Adams Papers

From Abigail Smith Adams to William Smith Shaw, 3 January 1799

Quincy Jan’ry. 3d 1799

Dear William

Rejoice O young Man in thy youth and let thy Heart Cheer thee. This is the language of Soloman. Youth is therefore the Season of rejoicing; nor can there be any thing more Suitable provided that joy is temperate, moderate and Rational.

[]For God is paid, when Man receives

To enjoy, is to obey.”

The old year is closed upon us, and a New one commenced; <and> we have abundant cause for thankfullness and rejoicing; our Lives are still preserved, whilst thousand have fallen a prey to Pestilence in the last year, We are in the peacefull and quiet enjoyment of our Religion; our Government tho assailed, is not shaken. Plenty is in our Land, and Health in our dwellings; with gratefull Hearts Let us render thanks for the blessings of the Year past, and implore a continuence of them. I make no apology for calling your mind to reflections which I doubt not you meditate upon. Your Education, and the example and precepts you have been indulged with, all unite to inspire them; at the commencement of a new Year.

I have duly received the News papers, and Your Letters all of which I have acknowledged, excepting the last, which is December 24th. I would have you continue to Send me the papers as you have done, and Mother Baches which contains the peices you mention addrest to Genll. Marshall. The Reflection of Lyon and the choice of Logan are mortifying proofs that “there is Some thing rotten in the State of denmark” that a low groveling faction still exists amongst us, encouraged by the Ambitions, and designing views of some dissapointed and unprincipeld Men. The absence of the V. P. at this time, when a Spirit of Resistance to Government appears in the State to which he belongs, and the State immediatly descended from it, has an unfavourable aspect as it respects him, and subjects him to Suspicions which whether well or ill founded, injure him in the minds of all Good Federalists. The Chronical has never printed [Garrar] Speech in the Kentucky assembly. It is said, that they dissaprove their conduct, but I am apt to suspect that they have not so good a motive for any thing they do—I was much diverted with your account of Logans visit.
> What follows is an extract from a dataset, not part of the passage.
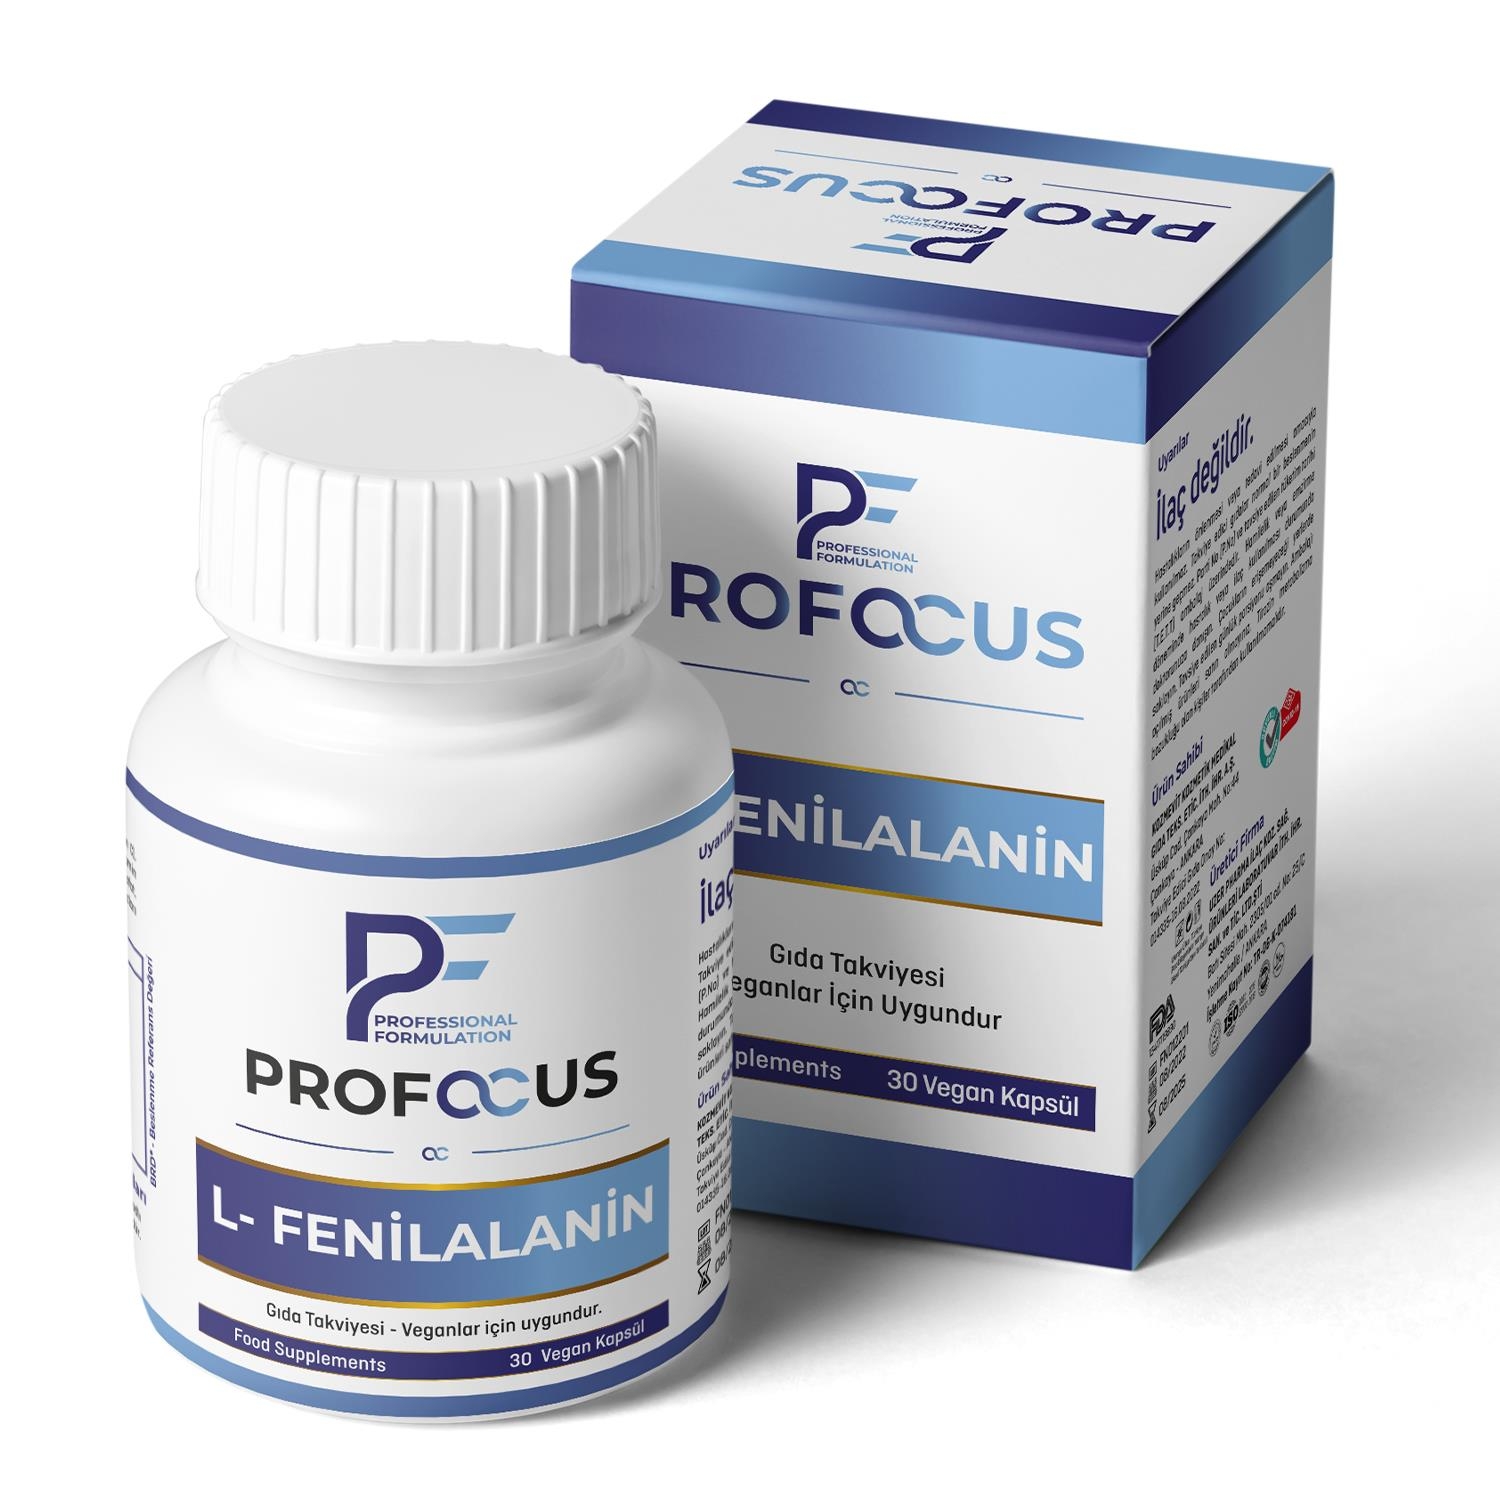 PF ProFocus L-Fenilalanin 30 Vegan Kapsül - 1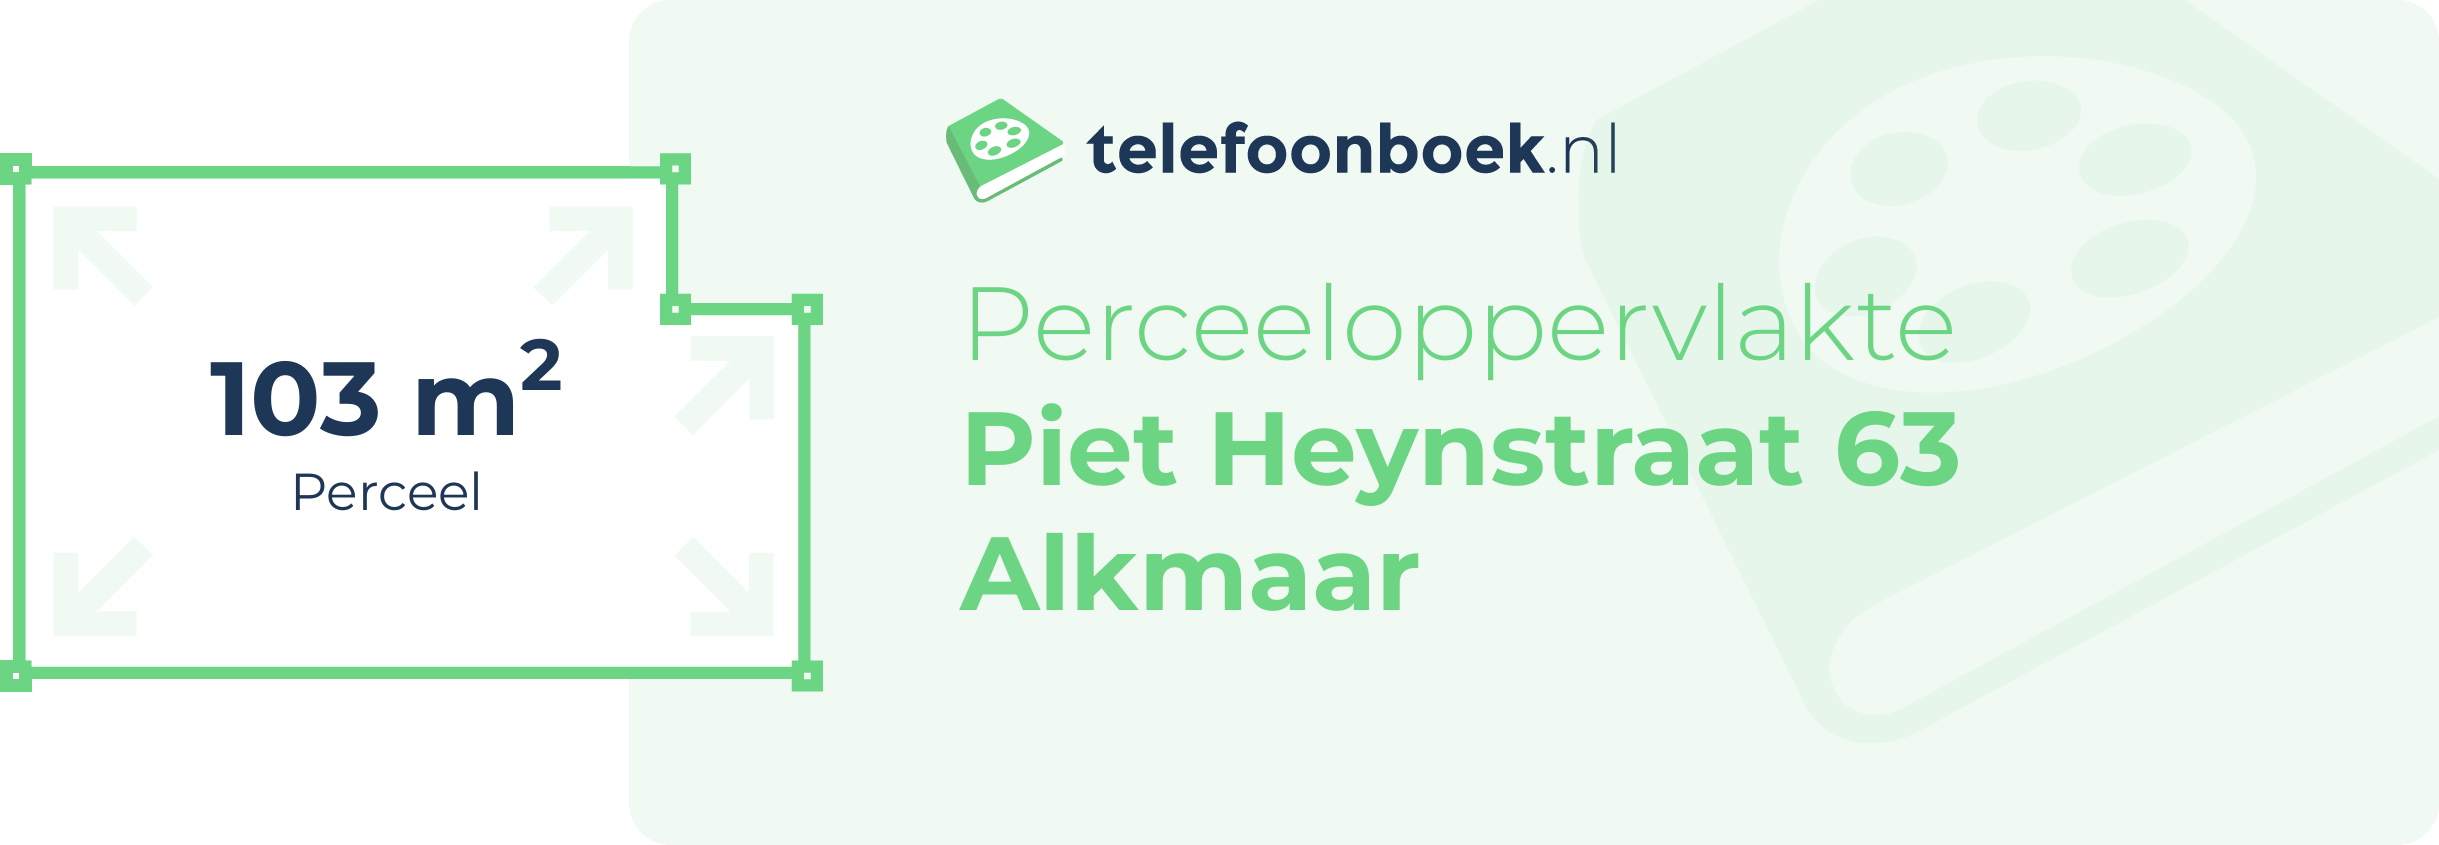 Perceeloppervlakte Piet Heynstraat 63 Alkmaar

I believe no Speeches which have been deliverd since the new administration, have been more universally acceptable than are those of the present Session. I see but few persons; but I hear that it is the language universally held— and it is a Subject of thankfullness—“that the people in general have so firm and steady a confidence in the wisdom, integrity and firmness of their chief Majestrate. I never expected to have seen them so united as under Washington, but I believe they are equally so. Some persons say, that they are more so—Many circumstances would opperate to prevent a unanimous Election as in the case of Washington. Yet I do not think, that barely a Criterion to judge by—I heard a Gentleman declare the other day, that if’any Event should take the President from his Station, the people would rise in Arms and, oppose the person to whom the Constitution has delegated the trust; I do not know that that would be the case, but I believe they would render it so unpleasent to him that he could not hold it. How cautious ought the people then to be, whom they place as second. I shall never consider our Situation Safe, untill the Constitution is amended so as to designate between the two officers—

Are you acquainted with a mr Kendell a Preacher who is now a candidate at the old Brick. A Friend Sent me an extract from a Sermon of his deliverd at the late Thanksgiving; it is not printed. One, amongst the Causes for thanksgiving which he enumerated upon that day, he observes, “Here I would notice the continuence of the important Life and usefullness of the chief Majestrate of the union, for which considering the very critical and interesting period of our public affairs, we cannot be sufficiently thankfull. his Life has ever been devoted to his Country, but never was it more important, never was its usefullness more necessary, nor his greatness more conspicious than at the present period. it was for him to manage the Helm of State in a Storm of Difficulties. It was for him to bear the Reproaches of the ungratefull, to Silence the Murmers of the discontented, to have his integrity Suspected, and his worth depreciated at the most eventfull crisis. But no difficulties have opposed, no cruelties discouraged, no threatnings terrified him—Under his administration our peace, tho in the greatest danger has hitherto been prolongd and our Independance preserved. His wisdom is a bulwark to our Country, and his firmness a Wall of fire, against her Enemies. “The Language of his administration is, “till I die, I will not remove my integrity from me, my Righteousness I hold fast, and will not let it go. My Heart shall not reprove me so long as I live.”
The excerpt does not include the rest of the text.